Fall; as It Dances through the Leaves

Melissa
Monaghan

I remembered you with my soul clenched
in that sadness of mine that you know.

Fall spread across the land like sand in breeze,
rolling smooth as stones along the stream –
but cold, like fingers, sneaking down the spine,
and dark, and darker, still –
I beg reprieve.
And find I none but darkening, and chill,
and smell of leaves departing, dank from dew,
whose latent lace soon blooms a finger’s trace
across the pane I stare at, near to giving up.
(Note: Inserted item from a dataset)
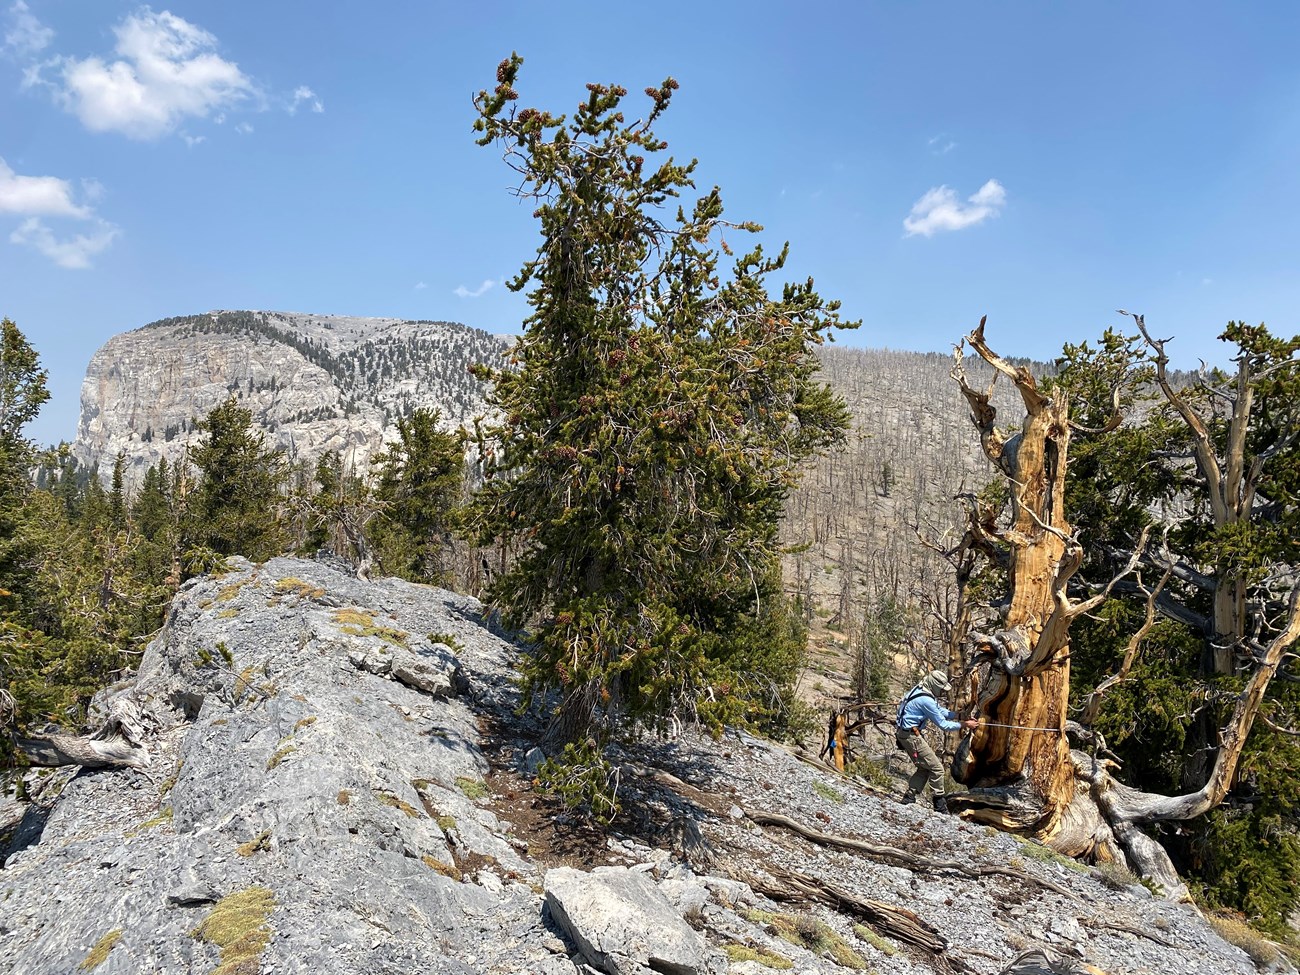 Scientist measuring the diameter of a dead bristlecone pine on a rocky ridge and view of bristlecone forest in background with many trees killed from a fire.

The Western wind creeps underneath my door.

And you are far away this time –
though maybe no more distant since
that first departure past;
but still, that smallest warmth from me is robbed:
knowing that you are close, and also sad.
And also thinking of the cold, and hollow world.
I watch it waning, barren now within;
And less I speak, not knowing who
would understand
the creeping of the dull pain, day by day,
growing like dying piles beside the trunks
of tired trees –
so many aching trees here, were I but one,
to die beside my comrades: leaf by leaf.
I think on us, as trees, with clenching soul –
yes, I believe your dusk, as here,
brings longing still,
but still your absence renders me unwhole.

Though, I suppose, it really matters not –
for all the months bygone and future years,
each gaze I cast horizon-bound towards thee
meets each with tired, solemn shepherd’s call:
oh, misfortune – Waste and empty is the Sea.